--- START ---

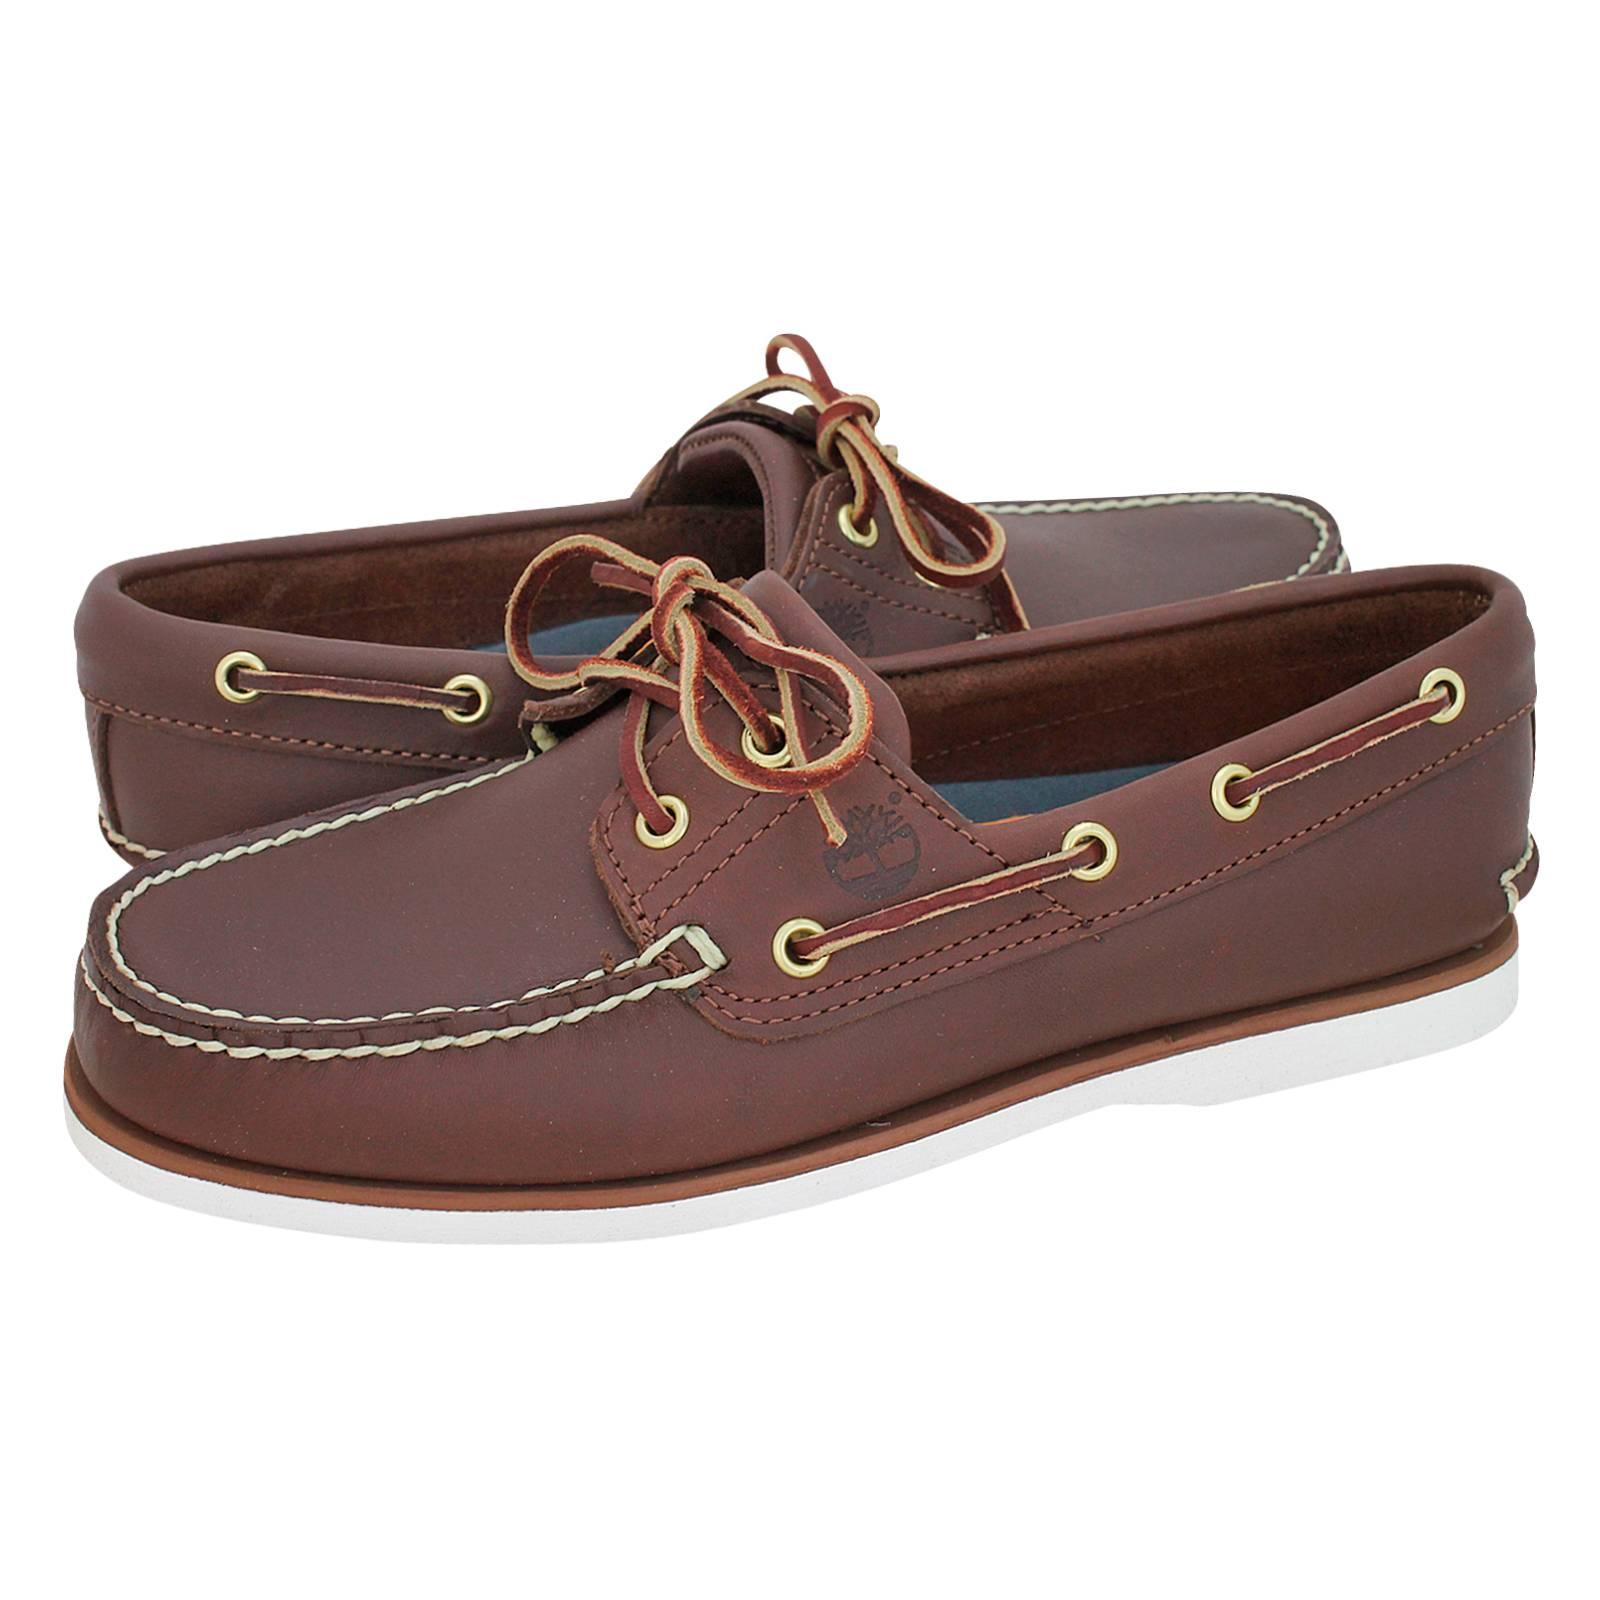 Timberland Clasic Boat 2 Eye Boat boat shoes
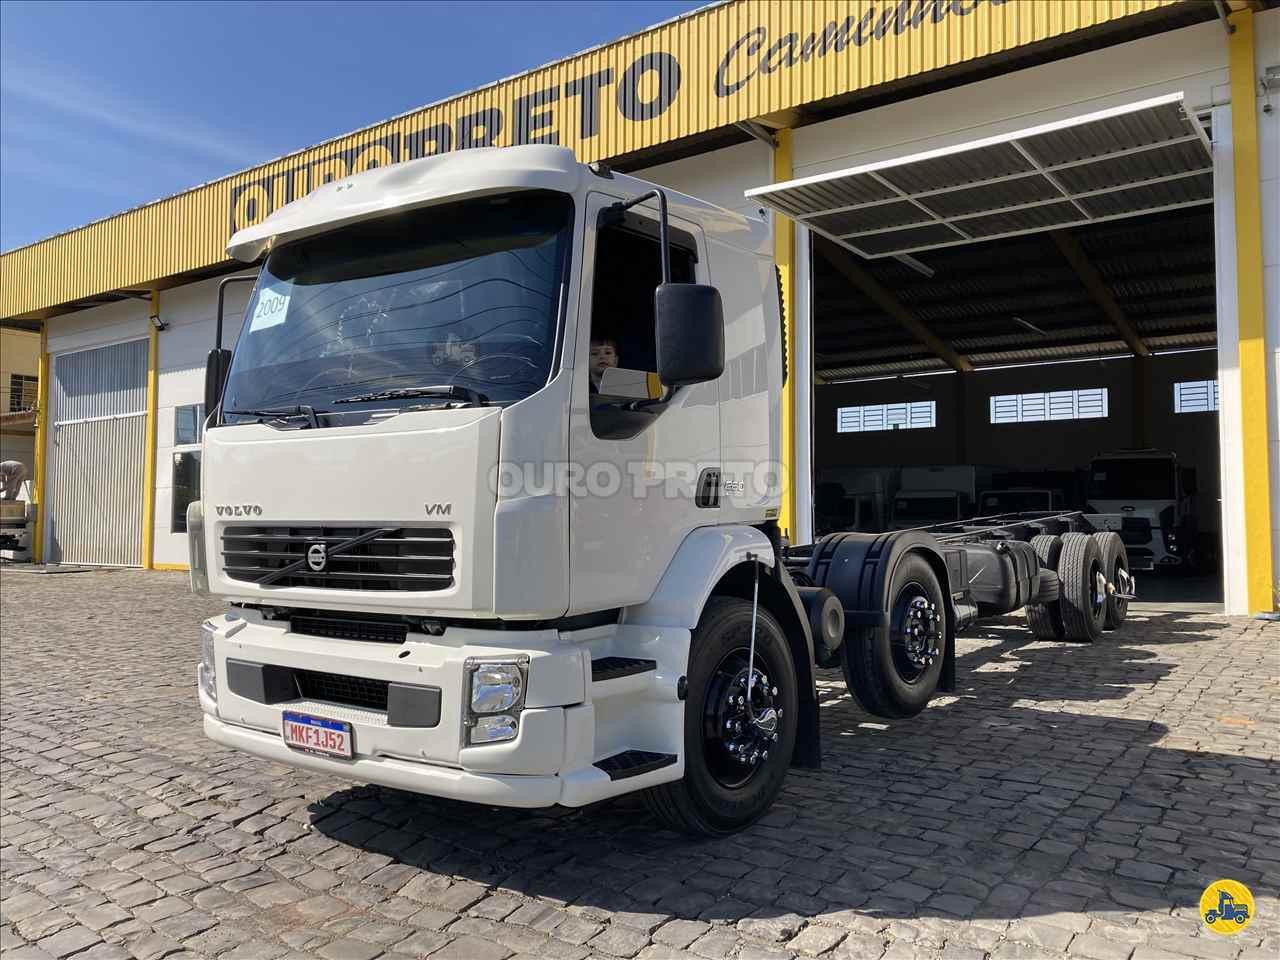 CAMINHAO VOLVO VOLVO VM 260 Chassis BiTruck 8x2 Ouro Preto Caminhões LAGES SANTA CATARINA SC
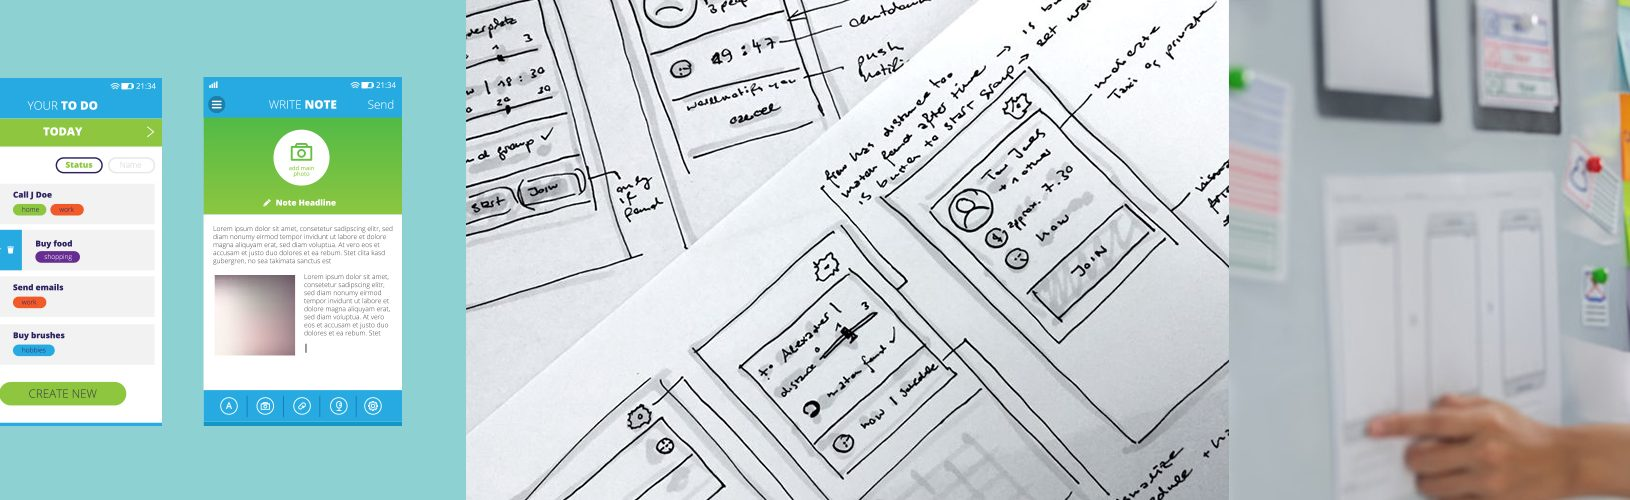 Formation Alternance en UX Design et UI Design Paris -WebDesign - Ecole Com'Art Design
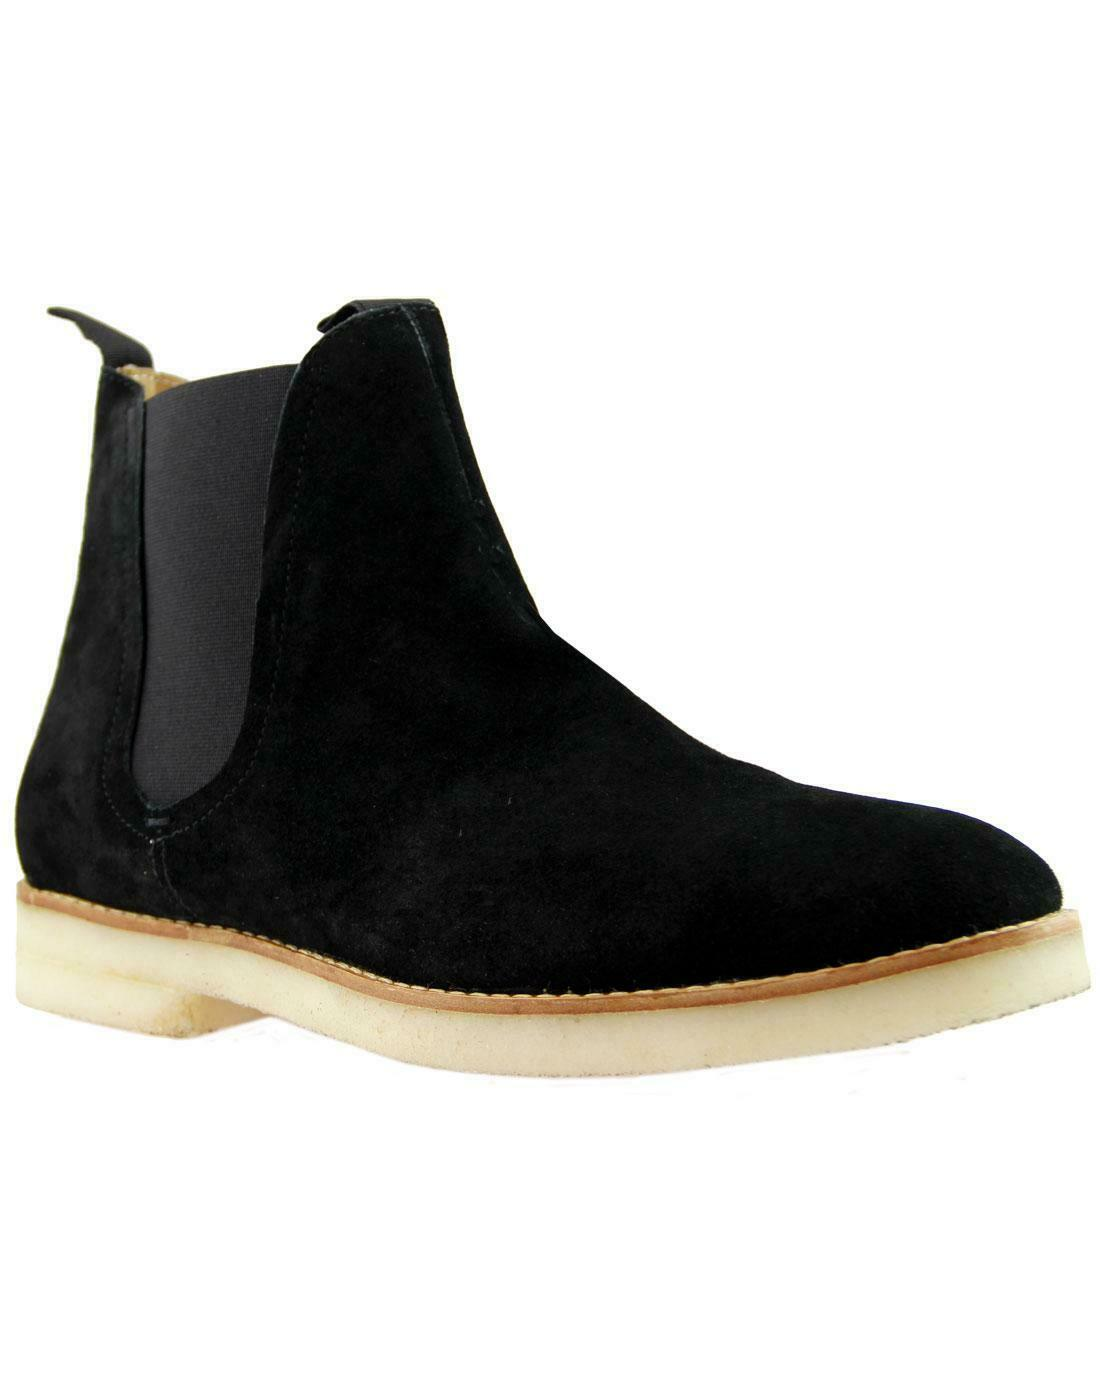 H by Hudson Negro Cuero Zapatos de gamuza tobillo Sandgate Chelsea botas 7 12 Nuevo

--- END ---

• [WHAT YOU WILL DO]
Nothing but the lines from the one that contains "Formation Alternance en" through the end of the material above is to be reproduced, exactly and without pictures.

• [SOLVED EXERCISE]
 Formation Alternance en UX Design et UI Design Paris -WebDesign - Ecole Com'Art Design
 H by Hudson Negro Cuero Zapatos de gamuza tobillo Sandgate Chelsea botas 7 12 Nuevo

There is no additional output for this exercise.